- **RECORDED DATA**:
◇ ◇ ◇ ◇ ◇

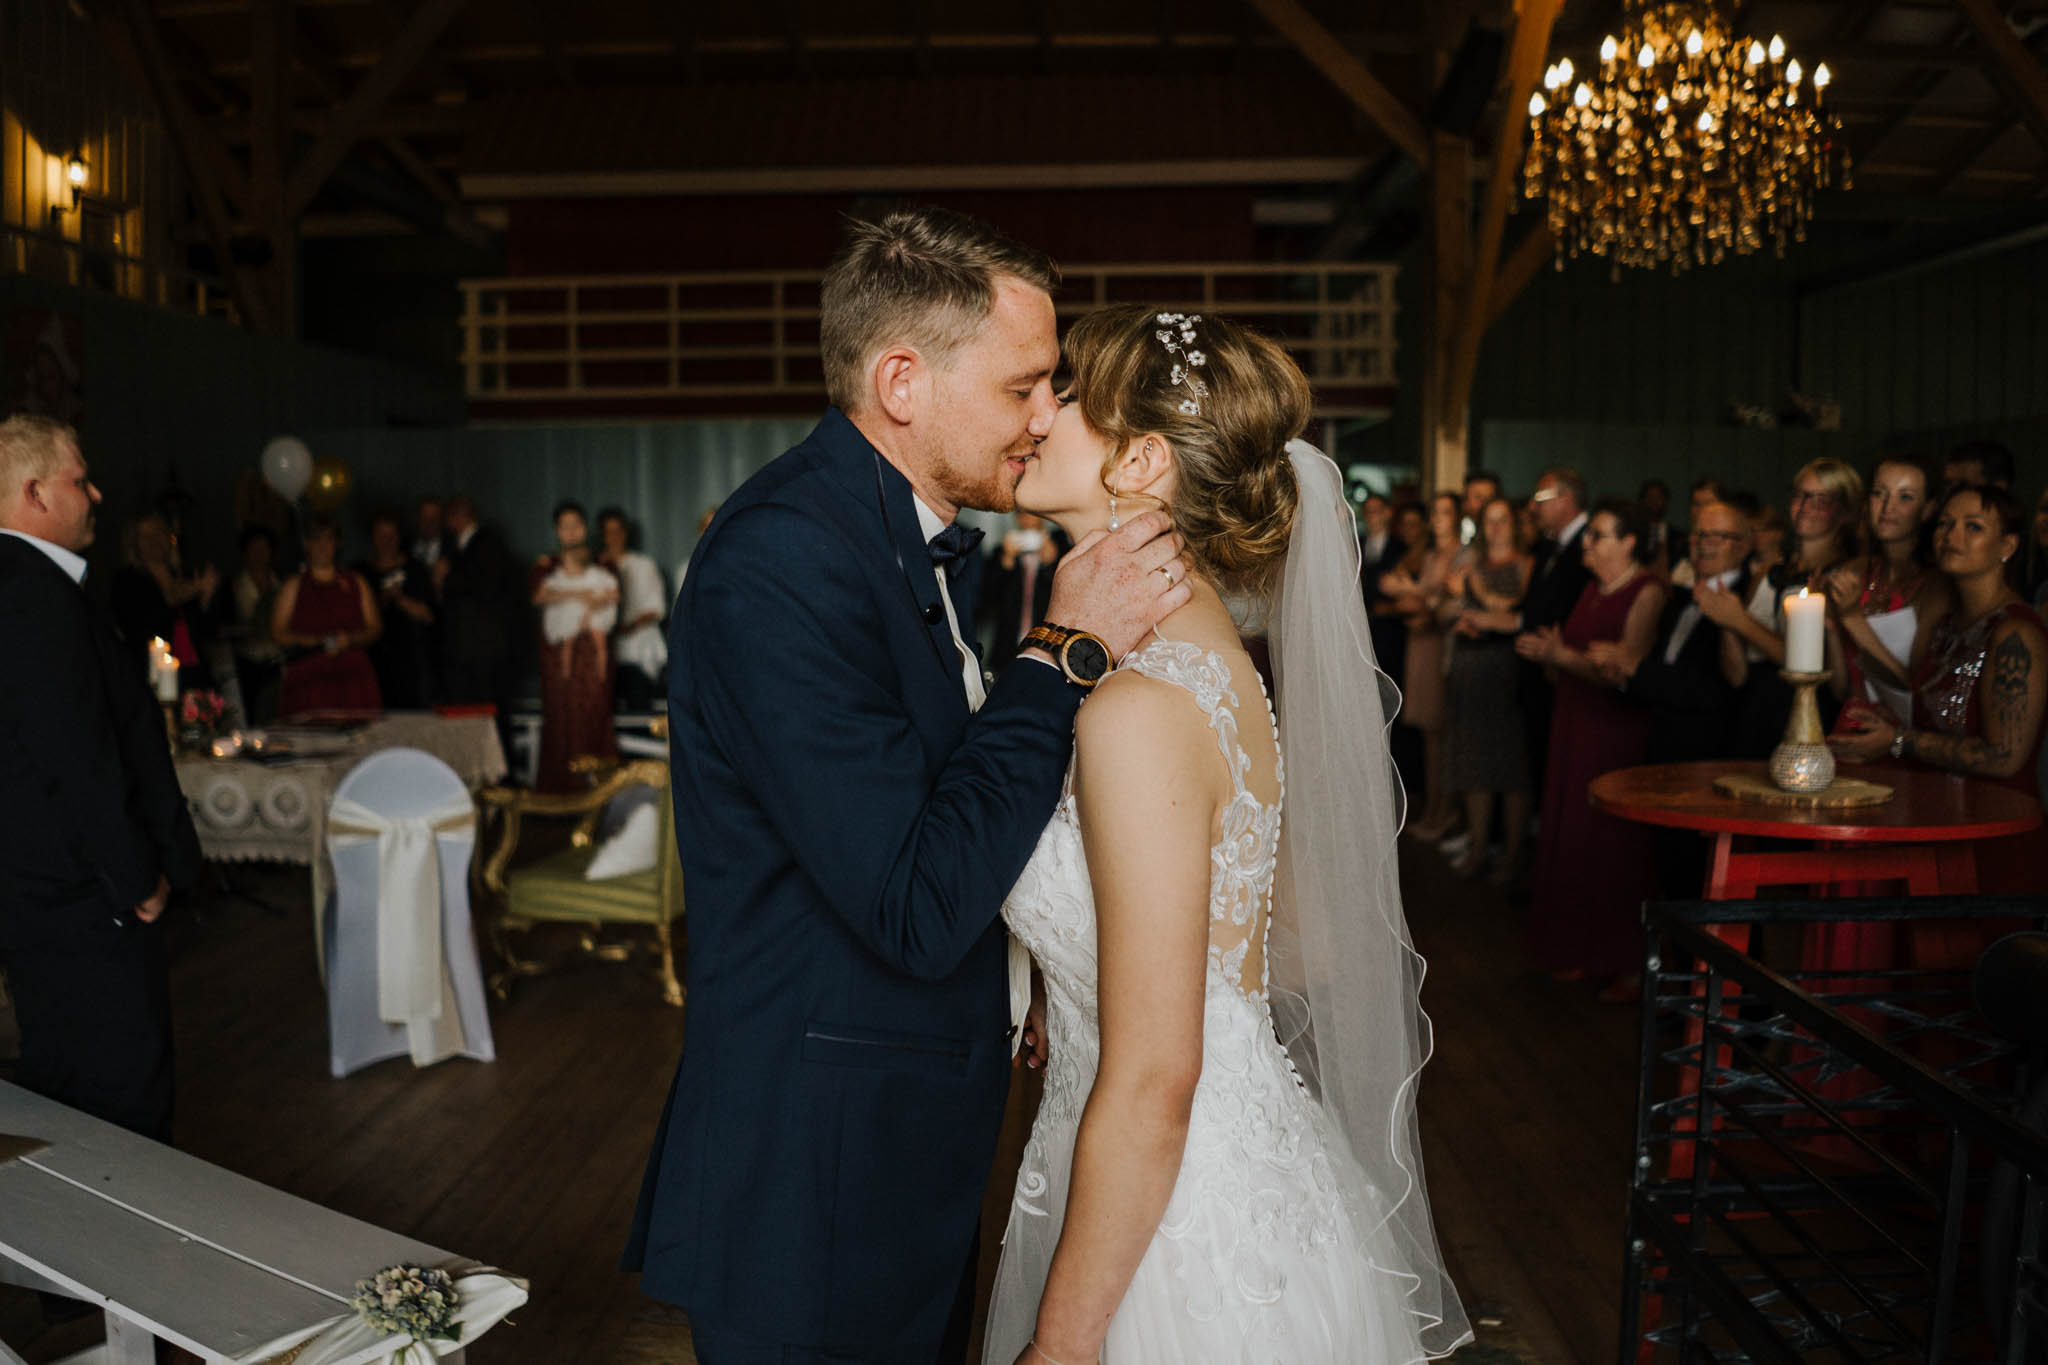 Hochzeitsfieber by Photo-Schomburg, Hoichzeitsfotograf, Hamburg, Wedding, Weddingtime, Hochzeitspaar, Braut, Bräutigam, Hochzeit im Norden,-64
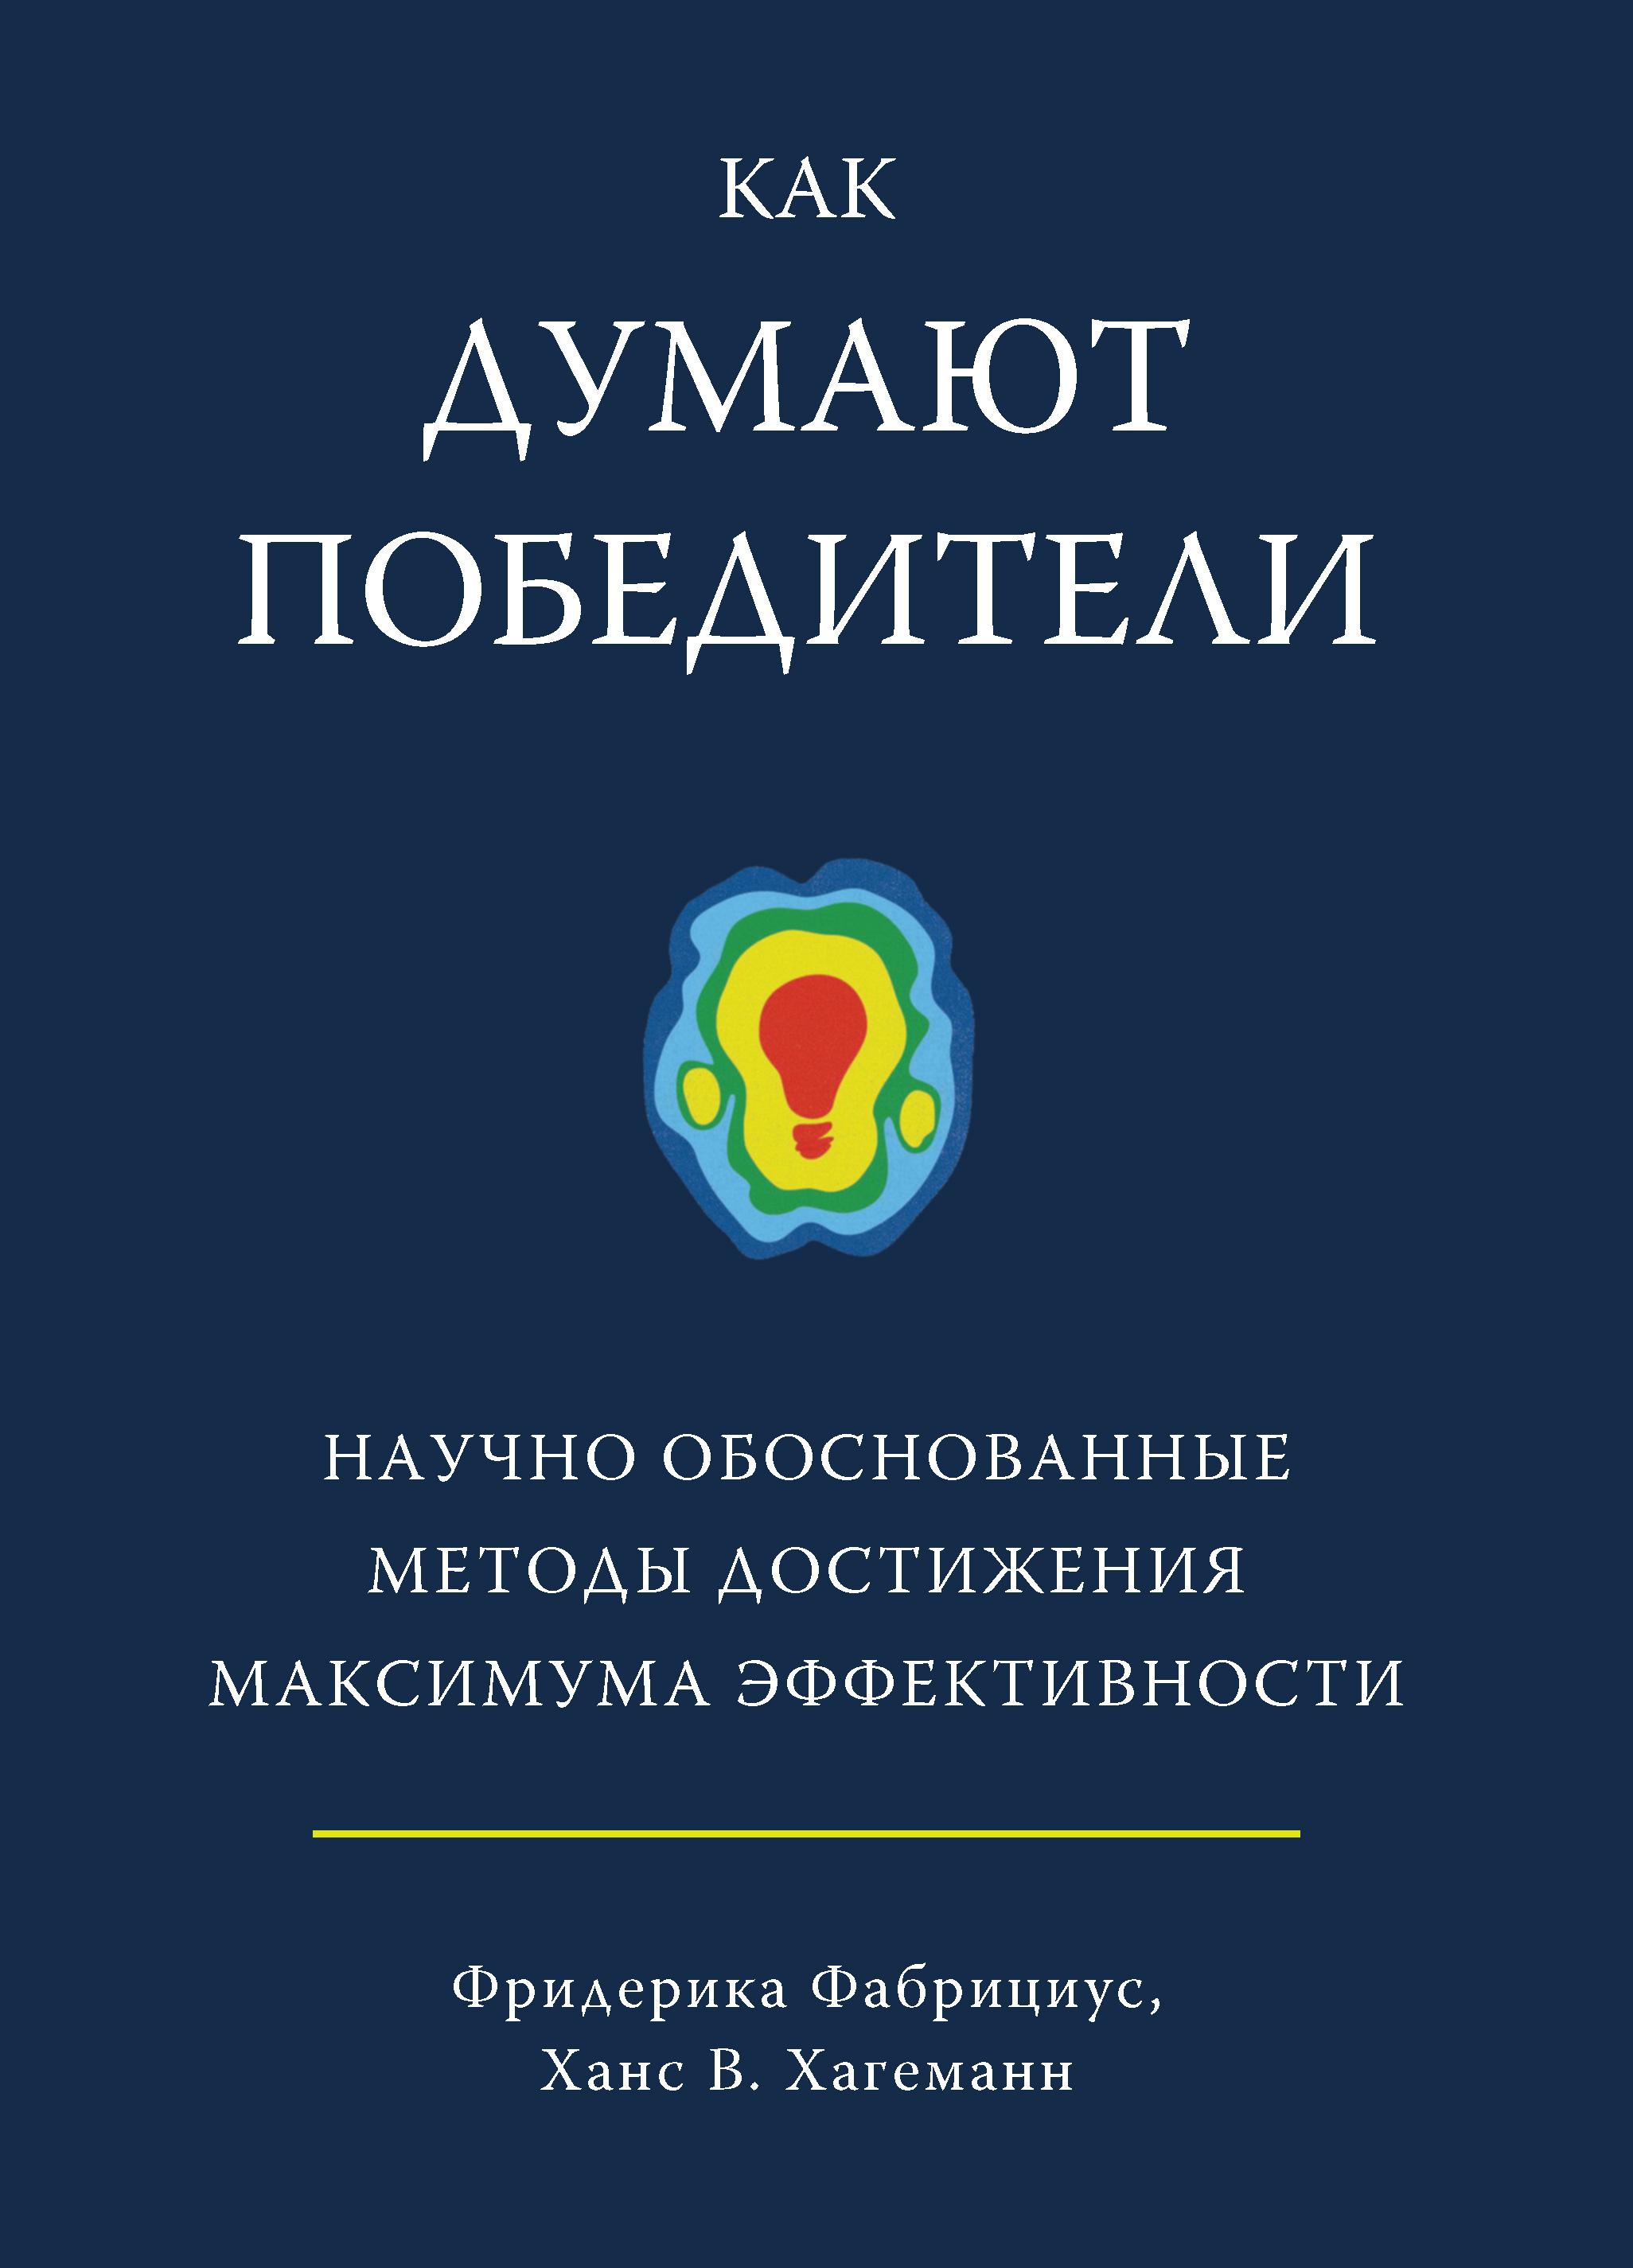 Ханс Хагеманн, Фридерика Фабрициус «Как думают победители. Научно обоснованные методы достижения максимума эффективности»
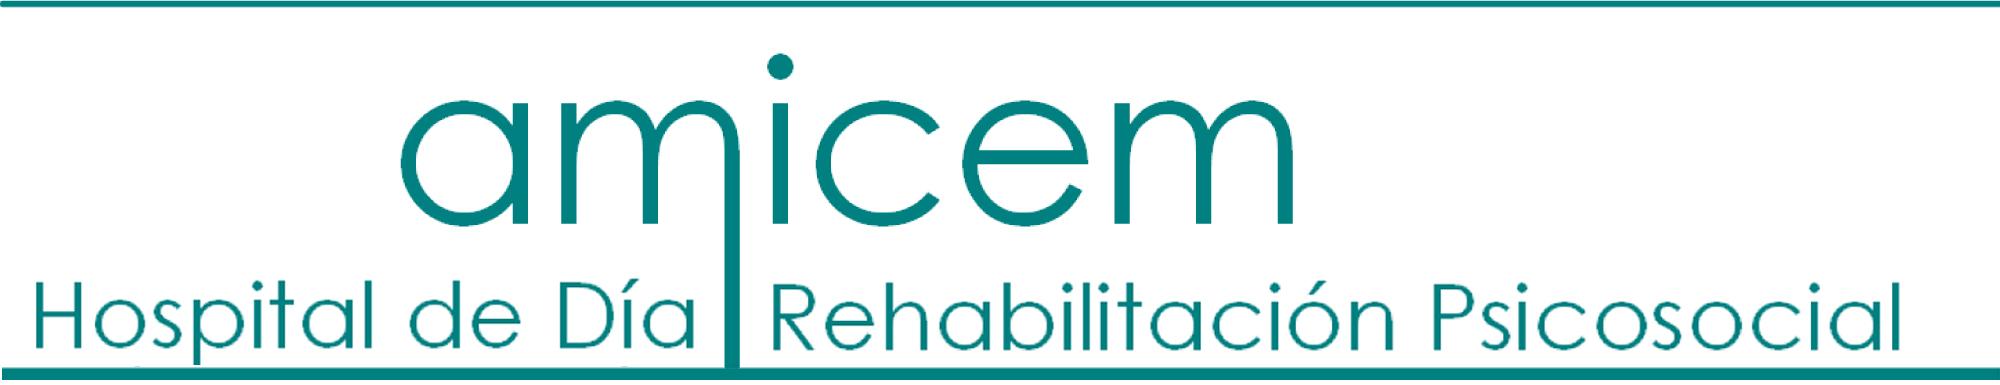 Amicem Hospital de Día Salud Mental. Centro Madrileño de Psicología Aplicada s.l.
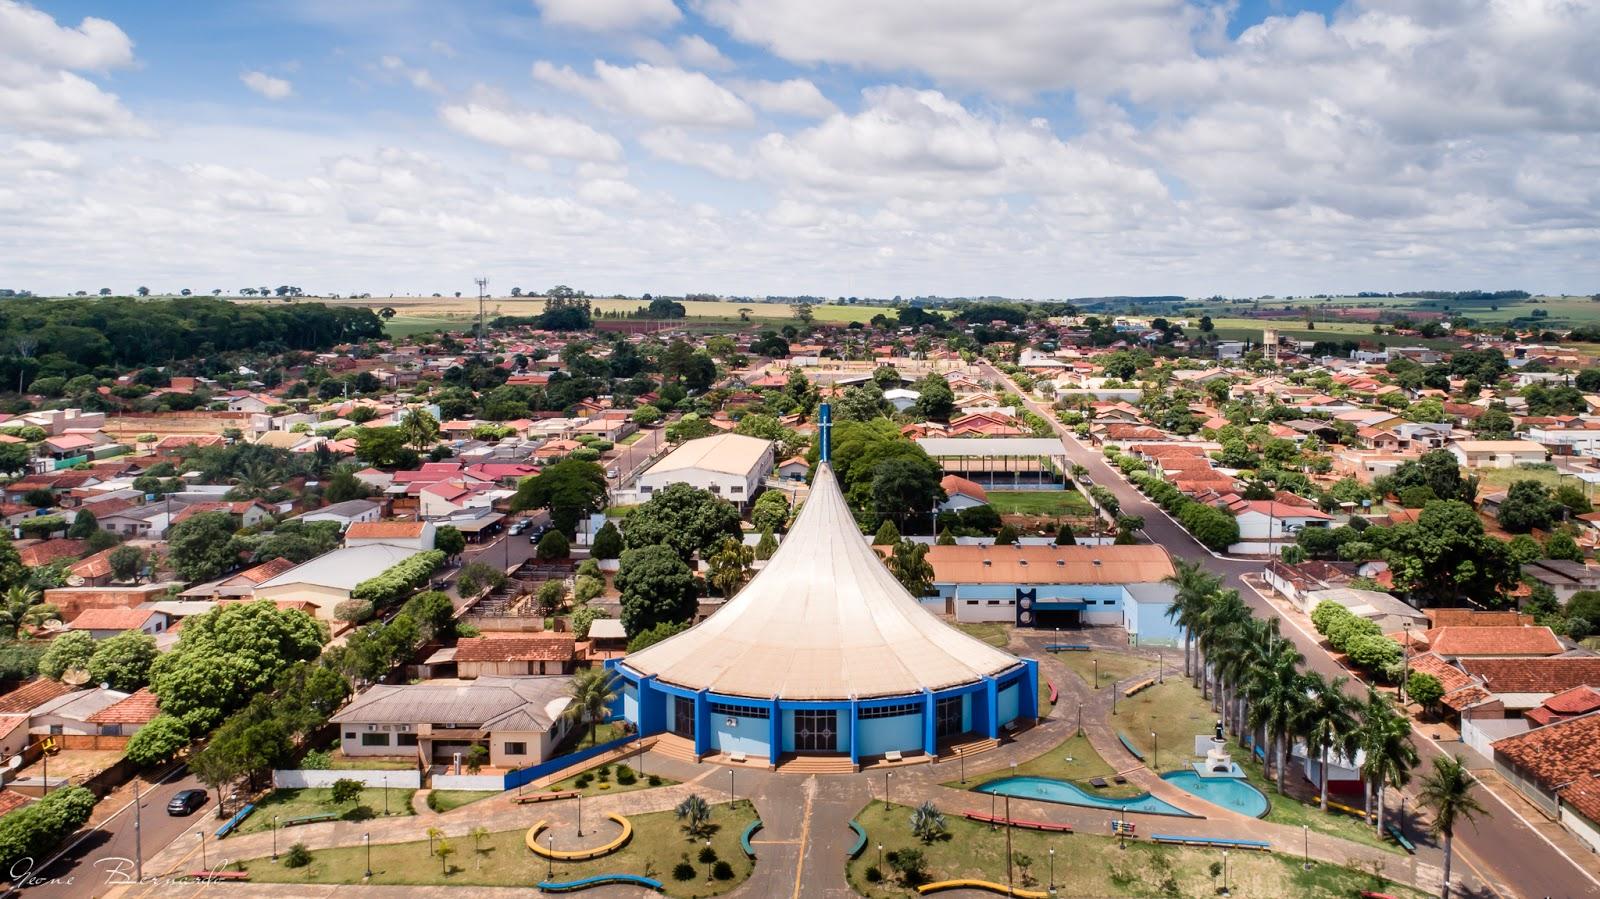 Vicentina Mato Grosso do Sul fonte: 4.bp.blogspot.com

◇ ◇ ◇ ◇ ◇

- **WHAT THE TASK ASKS**: Copy the data above line for line, skipping every picture.

- **EXPECTED ANSWER**:
 Hochzeitsfieber by Photo-Schomburg, Hoichzeitsfotograf, Hamburg, Wedding, Weddingtime, Hochzeitspaar, Braut, Bräutigam, Hochzeit im Norden,-64
 Ханс Хагеманн, Фридерика Фабрициус «Как думают победители. Научно обоснованные методы достижения максимума эффективности»
 Amicem Hospital de Día Salud Mental. Centro Madrileño de Psicología Aplicada s.l.
 Vicentina Mato Grosso do Sul fonte: 4.bp.blogspot.com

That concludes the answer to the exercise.